## DESCRIPTION OF THE TASK
Print the listing as it stands, omitting all images.

## COLLECTED MATERIAL

Start of Block

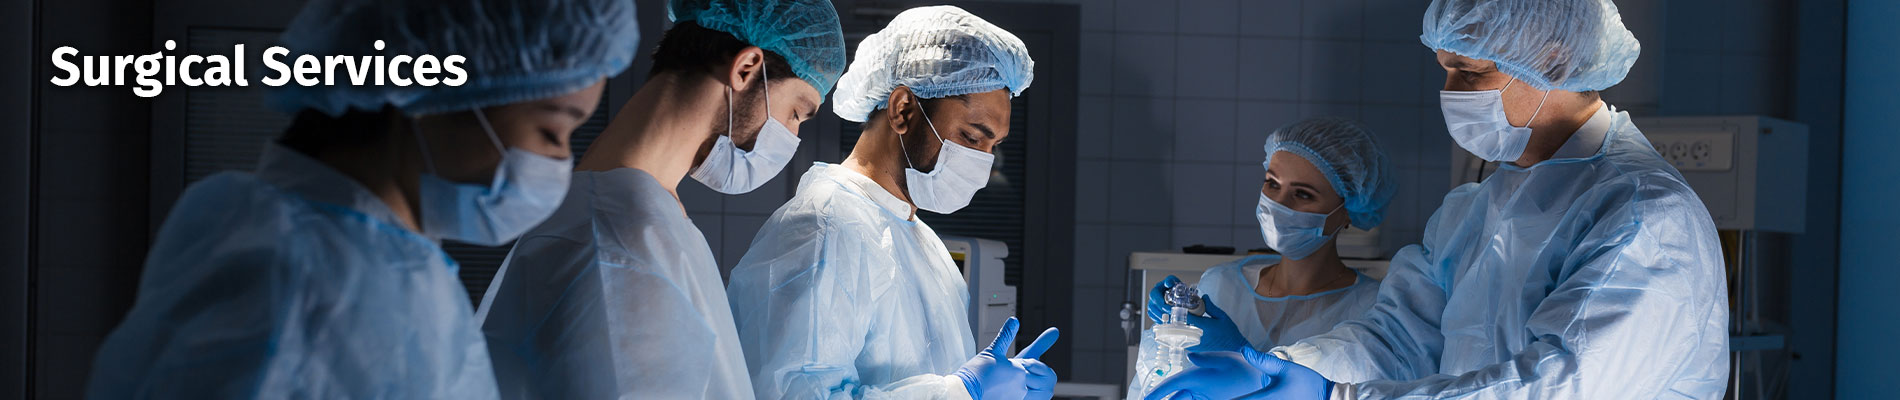 Picture of a surgical team in an operating room that consist of: the surgeon, circulating nurse, surgeon's assistant, anesthesiologist and the surgical tech
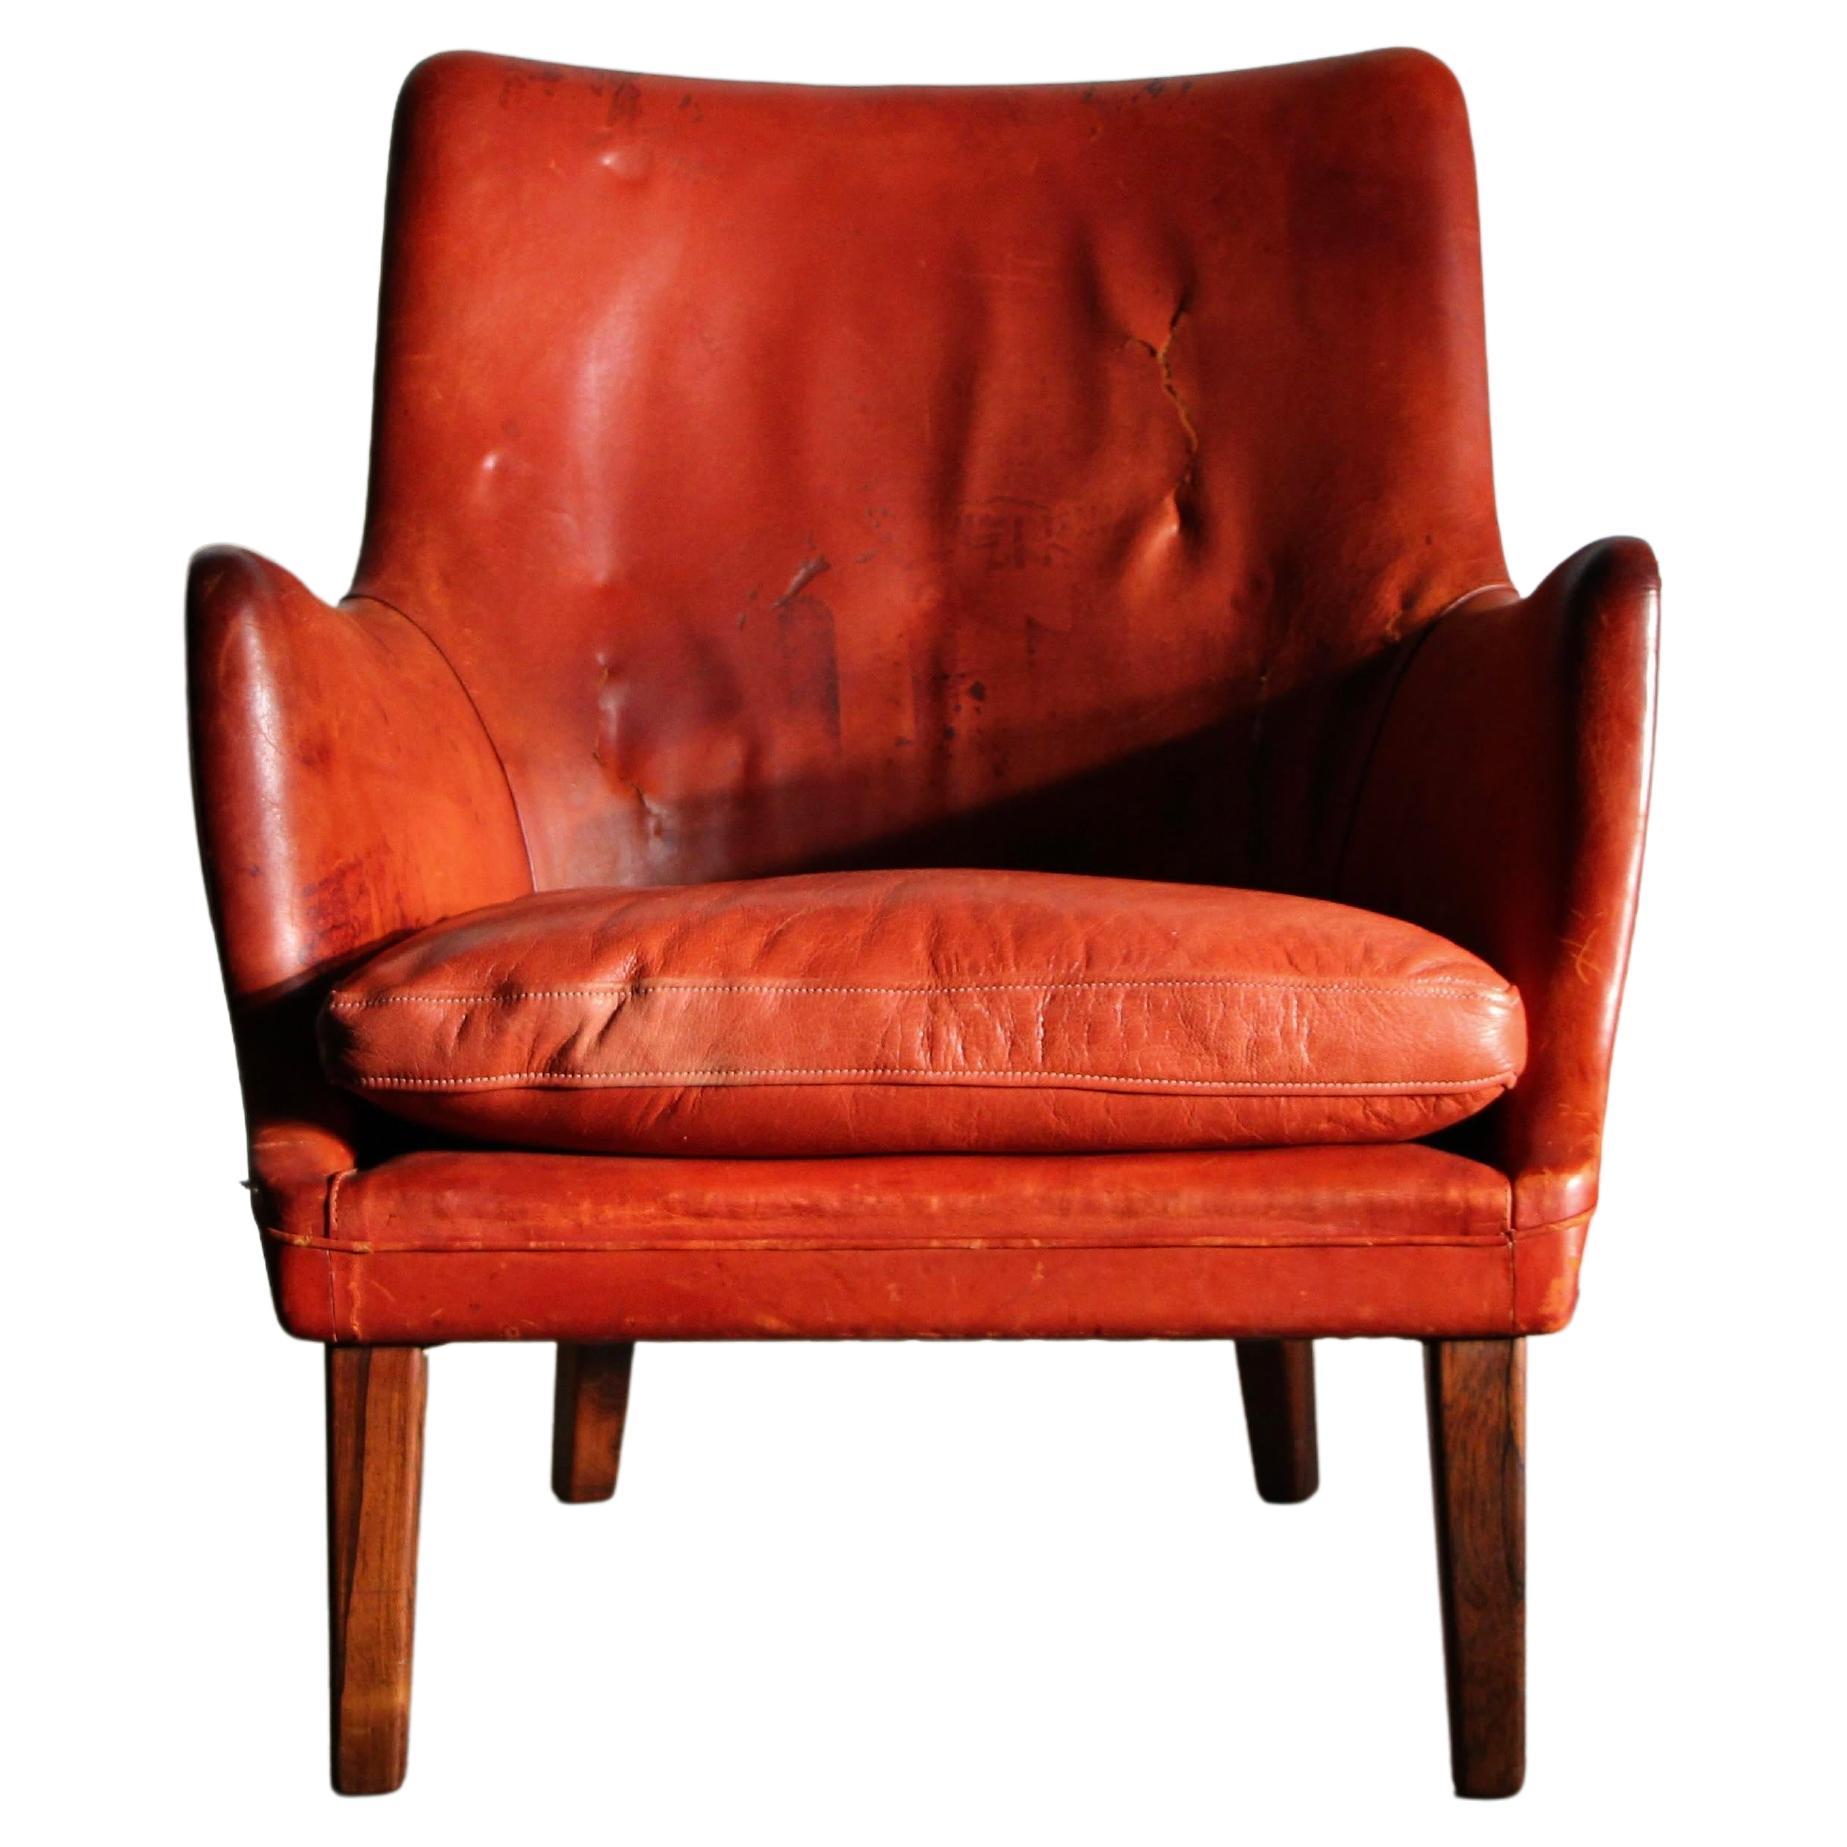 Arne Vodder "AV 53" Lounge Chair in Original Leather and Rosewood For Sale
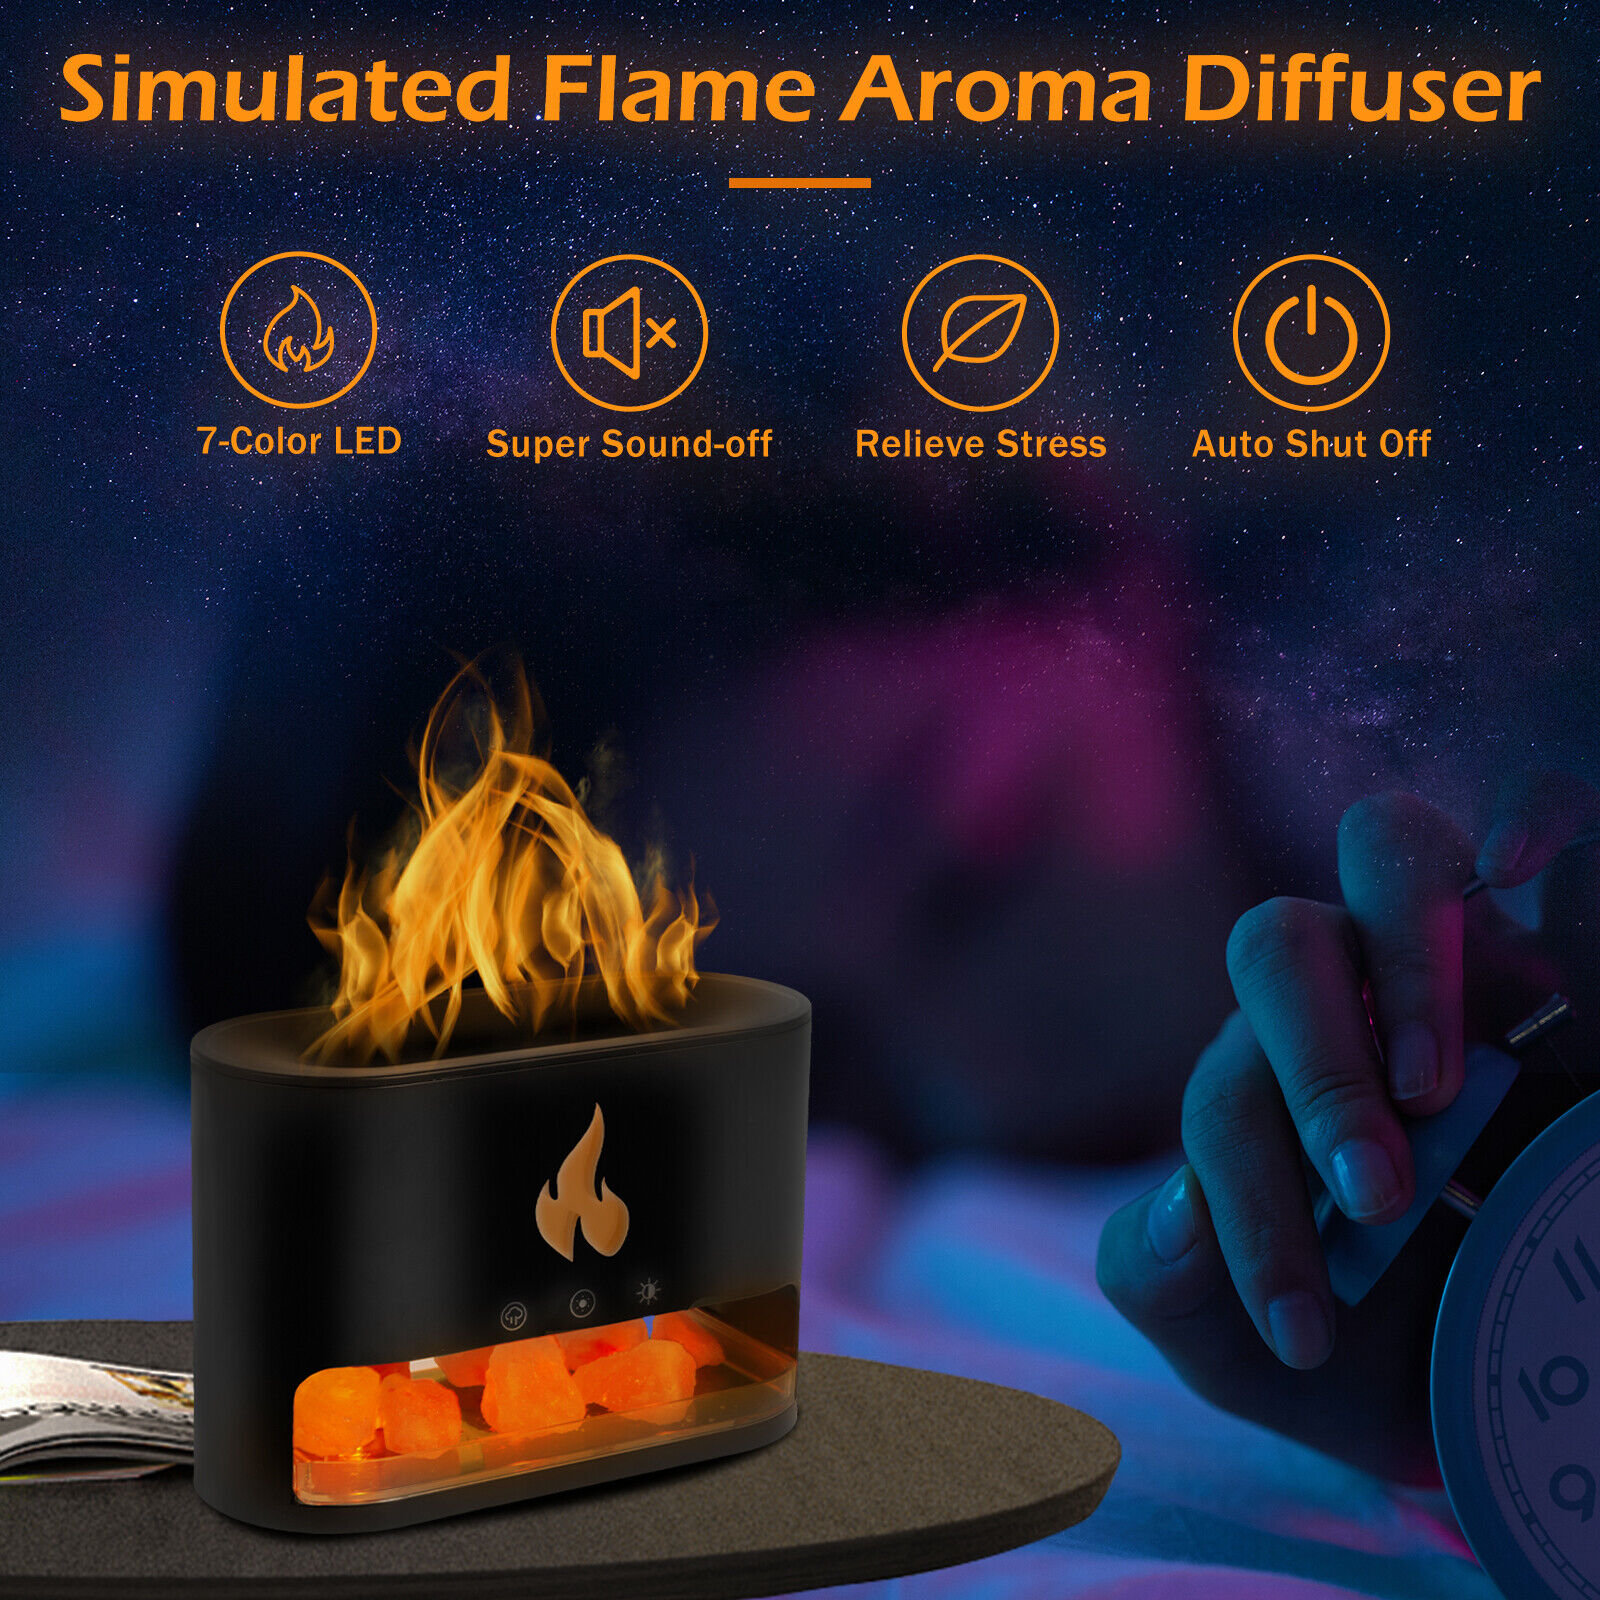 Buy Flame Diffuser Online In India -  India

End of Block

## SOLUTION TO THIS PROBLEM
 Picture of a surgical team in an operating room that consist of: the surgeon, circulating nurse, surgeon's assistant, anesthesiologist and the surgical tech
 Arne Vodder "AV 53" Lounge Chair in Original Leather and Rosewood For Sale
 Buy Flame Diffuser Online In India -  India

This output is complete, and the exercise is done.